In the previous post we applied chain rule(funkily called backpropagation!) to systems with complex functions.In this post we will apply backpropagation to neural networks.In this post we will apply backprorpagation to a two layered neural network.Note that instead of derivation of mathematical formulaes we will focus on intuitive sense of it.We will look to explore implementation of backpropagation with multiple inputs represented in form of matrix of training data.

Lets get started!!!

Consider the network:

nested

The figure consists of a two layered network.The first layer is the input layer and contains 3 nodes.The second layer is output layer and contains two nodes.In a standard neural network,the sigmoid layer is a part of output layer.For clarity of concept I have drawn it as a separate layer.The sigmoid layer quashes the output values in the range of 0 and 1.The two layers are connected to each other with weights which are represented by edges in the figure.Each node of first layer is connected to every node of second layer.

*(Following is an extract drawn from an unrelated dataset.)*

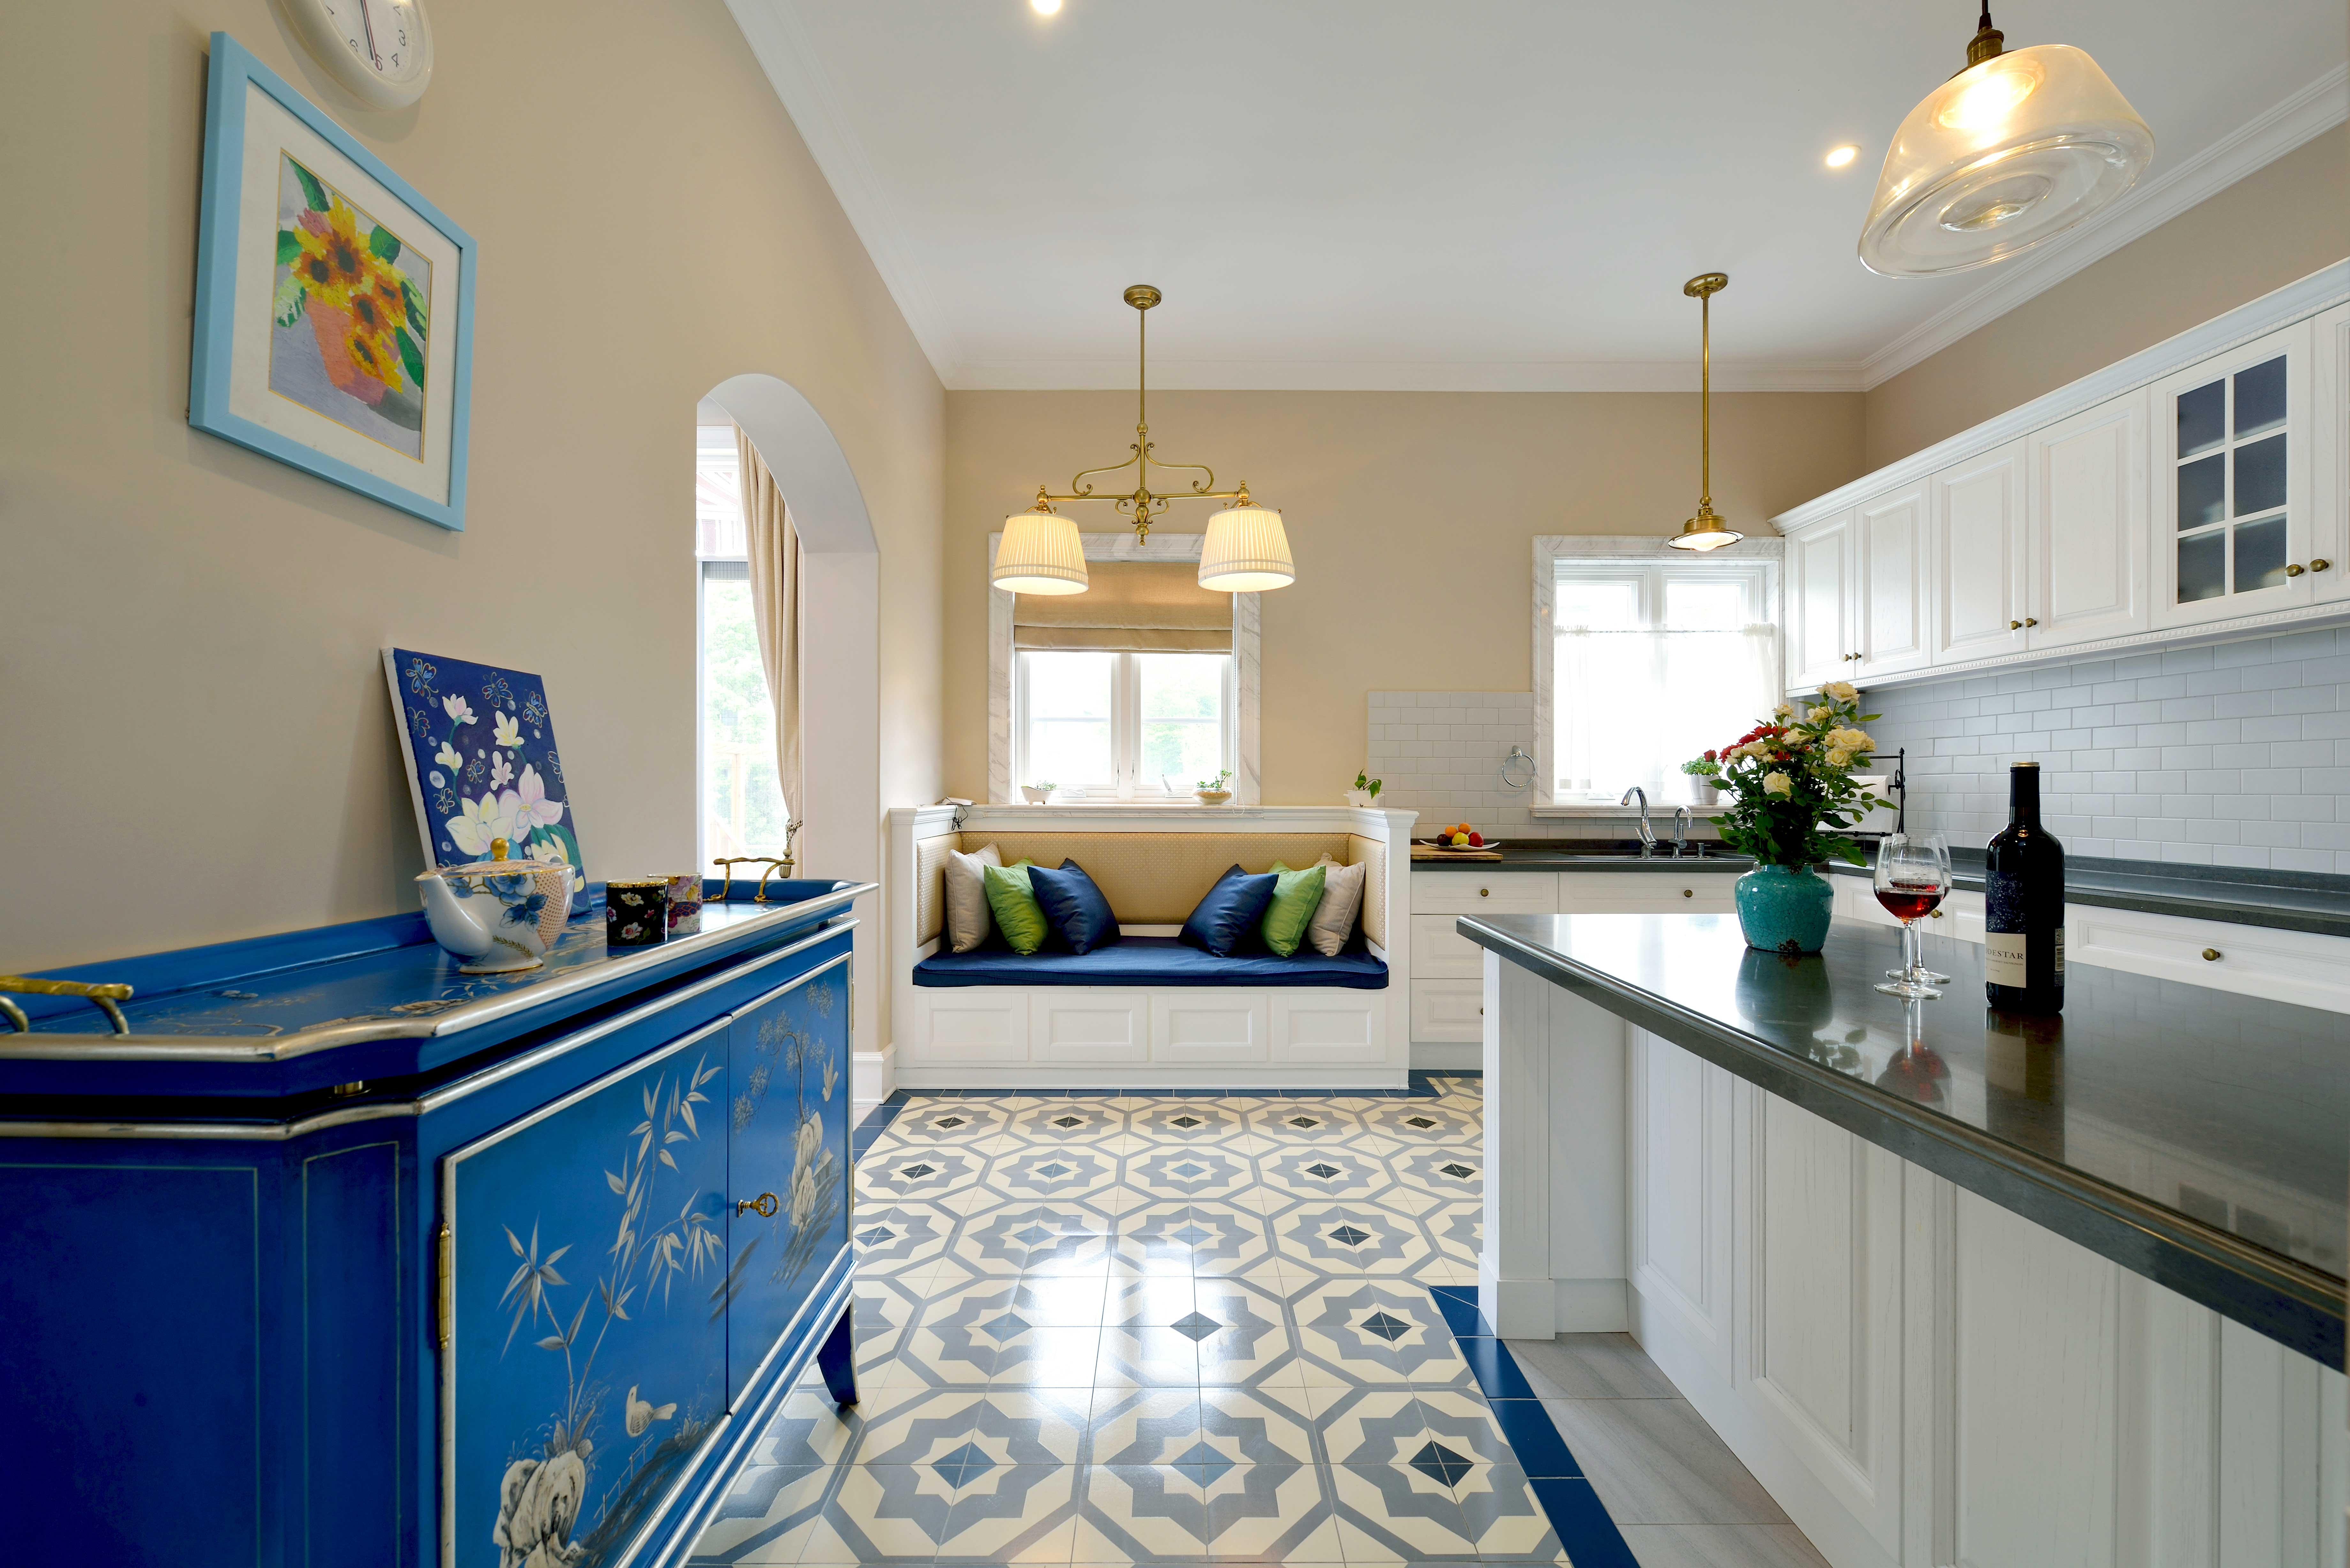 现代简美风格别墅厨房装修效果图

For those who don’t know how neural networks work here is a short description(Note that this is just a very simple and crude explaination and is sufficient for this post.However,to appriciate the exact mechanism behind it consult other resources too):

The input to the network is pumped through input layer.Here our inputs would be 3 dimensional as there are three nodes in our input layer.These dimensions are also referred to as features.The inputs are multiplied with randomly initialized weights usually in form of matrix.The output of this matrix multiplication is subjected to a sigmoid function.The sigmoidal outputs are used to generate cost function.A cost function is a function that is a measure of deviation of our output from the actual value during the training of network.For this post we will use cross-entropy cost function.The nodes in output layer of our network represent different classes to which the input has to be classified.During the training of network we have a label corresponding to every input.This label represents the true class of that input.

Aim

Our aim would be to adjust the values of weights such that our cost function is minimum(i.e. the deviation of our output from actual value is minimum).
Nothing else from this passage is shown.